When you told your secret name, it burst into flames and they burned it I'm... floating love, I've adjusted the burns of our hearts that burn like the sun... we are floating like a suspended entity... we are floating together with you. Since you kissed my eyes I found myself living... I have been floating since I held your face, rising through space, floating with you... with you. (spoken) why don't you come over to my house? Please... floating love, I've adjusted the burns of our hearts that burn more than the sun... we are floating like a suspended entity... we are floating together... me and you.

 

These are the words of the guiding track ("Floating") of this 1999 album produced by David Linch and Angelo Badalamenti, co-author of most of the tracks. And with these credentials it was hard not to get sucked in by the strong personality of a visionary and "cursed" director who imprints his lucid distortion on the whole album. An evocative and "floating" album, indeed, in a sea of visual and auditory sensations that allow the songs to levitate lightly and softly, wrapped in an aura of sensuality and mystery, with an emotional tension ready to explode at any moment without ever fully doing so.

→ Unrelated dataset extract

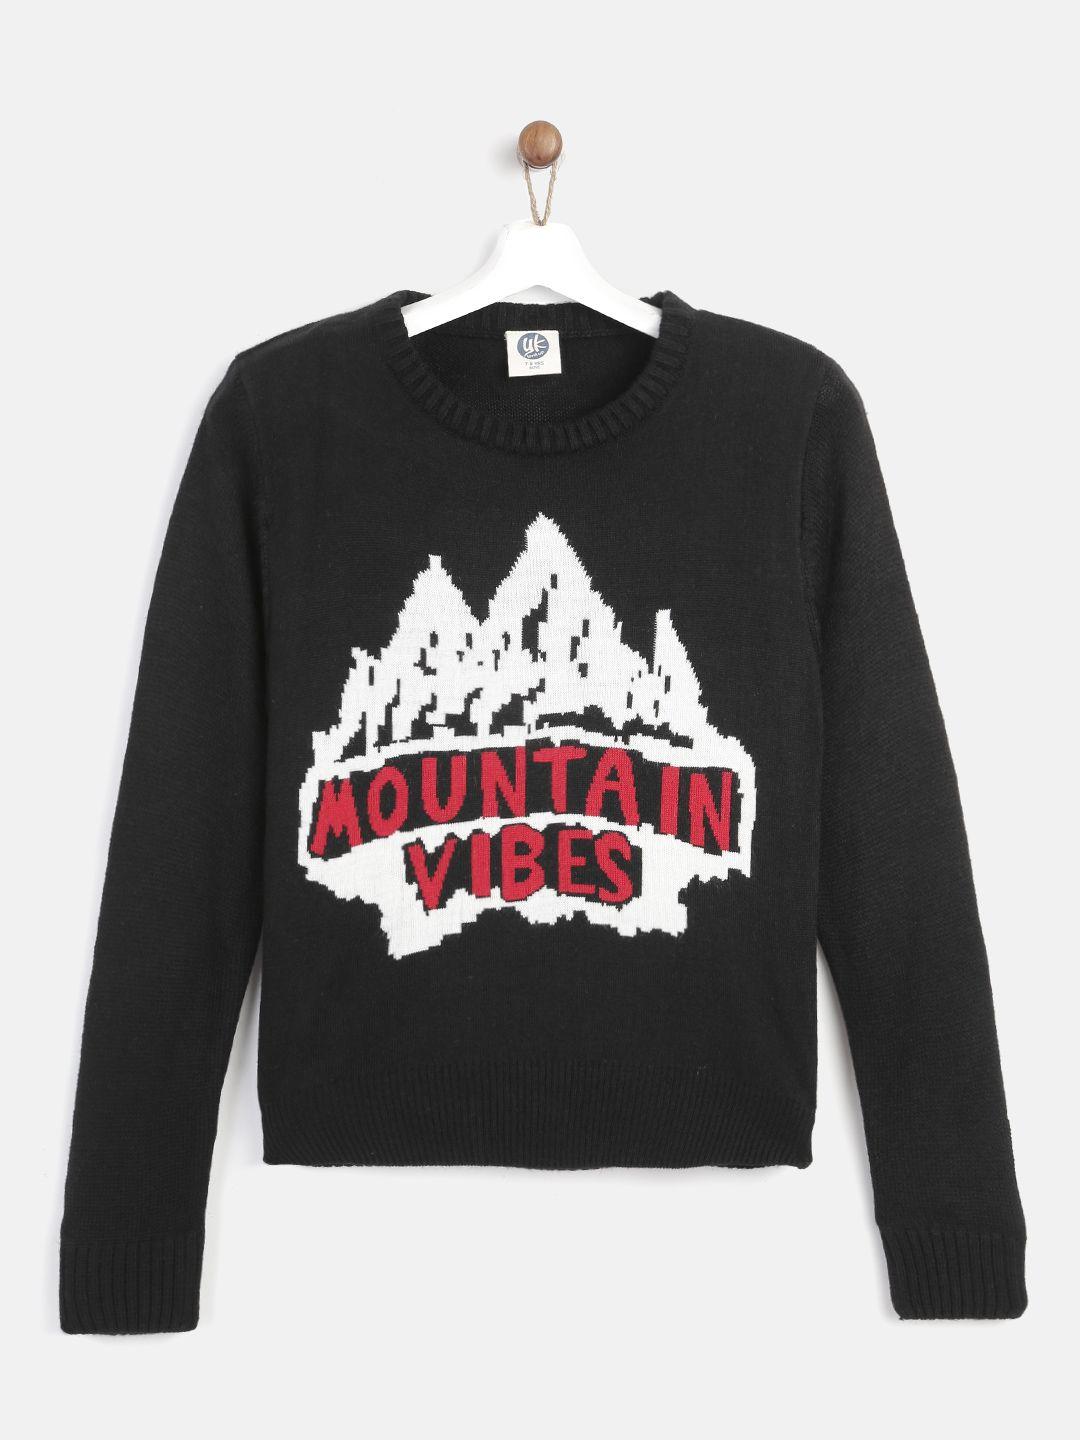 yk boys black & white self design sweater

An album of spasmodic anticipation, of apparent calm or of restrained explosions internalized. A "floating" album in an ocean of visions that unequivocally hark back to that great media-television event that was the Twin Peaks saga. Undisputed masterpiece of the devilish duo Linch-Badalamenti to which the young Cruise (which translated means "Cruise" just to square the circle!) lent her angelic and rarefied voice, sprinkling sweetness and grace to a "sweetly dark" work that takes us by the hand and invites us with whispered and light words to float along with it into worlds we are not given to know.